ASE Boosts CapEx to Meet Soaring AI Chip Demand
Aug 04,2025
ASE Technology Holding, the world’s largest provider of chip assembly and testing services, announced plans to raise its capital expenditure by up to 16% this year amid surging demand for AI-related semiconductors.
ASE Technology Holding Co Chief Financial Officer Joseph Tung (left) and Chief Operating Officer Tien Wu attend an investors’ conference in Taipei on July 30.
Speaking at an investor conference in Taipei, COO Tien Wu said the company would increase its original US$2.5 billion CapEx budget by an additional US$300–400 million, driven by customer demand for leading-edge packaging and testing services, especially in AI, automotive, and industrial sectors.
“All of our advanced packaging capacity in Taiwan is fully utilized,” Wu said. “That’s why we are accelerating investment in equipment to support continued demand, particularly in high-end AI applications.”
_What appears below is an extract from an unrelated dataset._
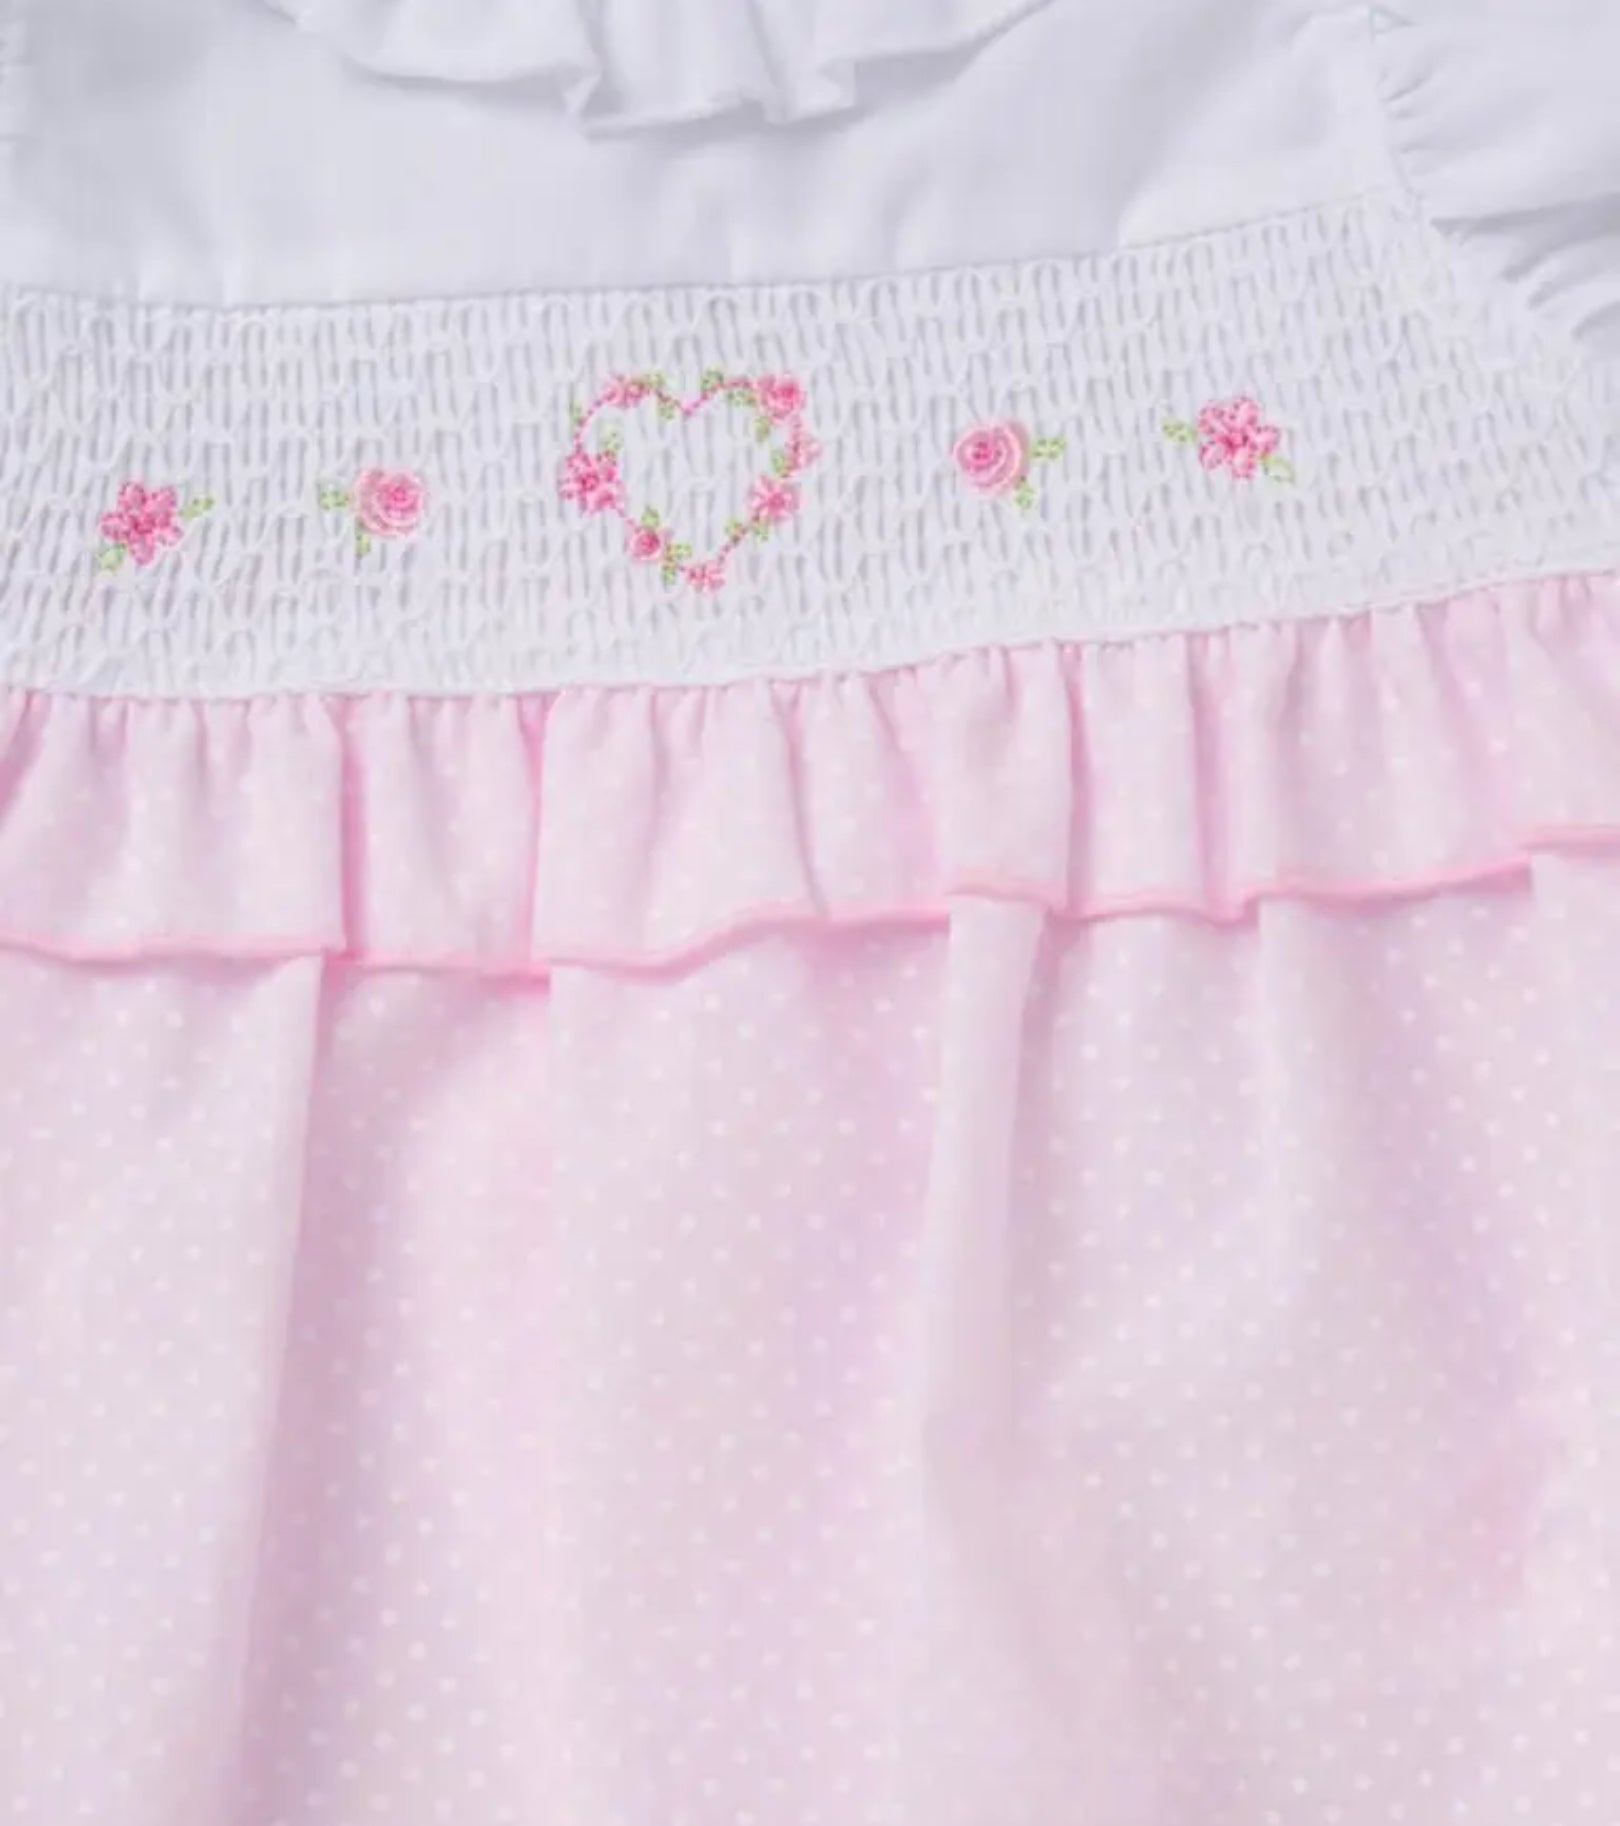 Rock-a-Bye Baby Pink & White Dot & embroidered Romper
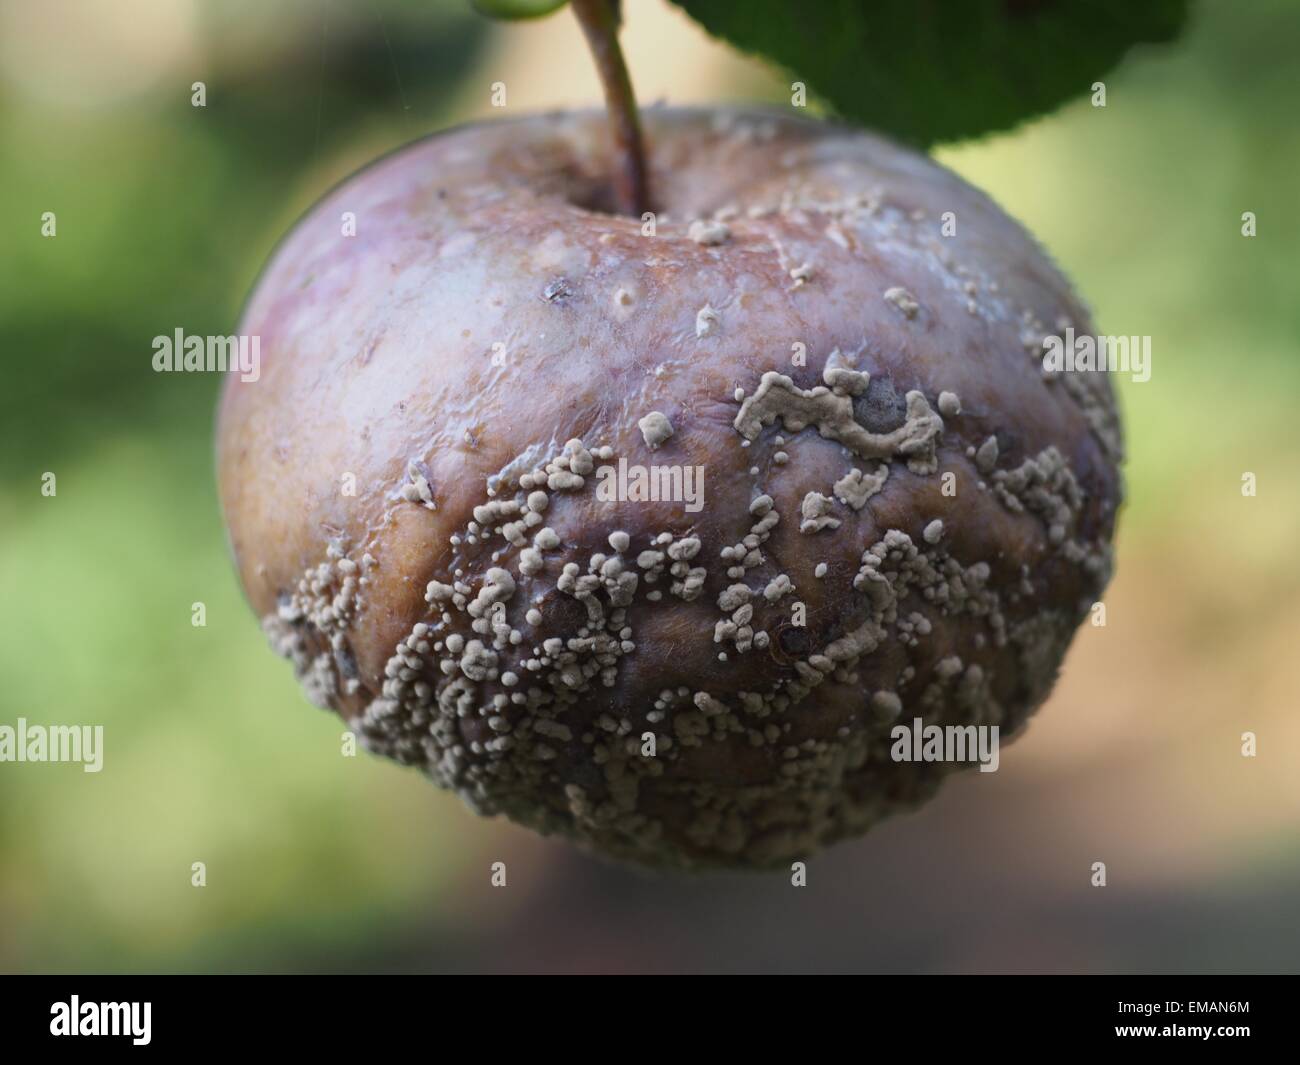 Rotten apple fruit hanging on a tree Banque D'Images

Wu acknowledged a noticeable performance gap between AI and general sectors during the first half of 2025, but expects this to narrow in the second half. “From 2026 onward, the cycle should stabilize,” he added. “This puts pressure on ASE to scale faster, especially in Taiwan.”
Despite strong growth in demand, ASE did not revise its revenue guidance due to current capacity constraints, but still aims to grow annual revenue by US$1 billion over last year’s figures.
Wu emphasized that the uptrend in AI-driven semiconductor demand is expected to continue well into 2026 and beyond.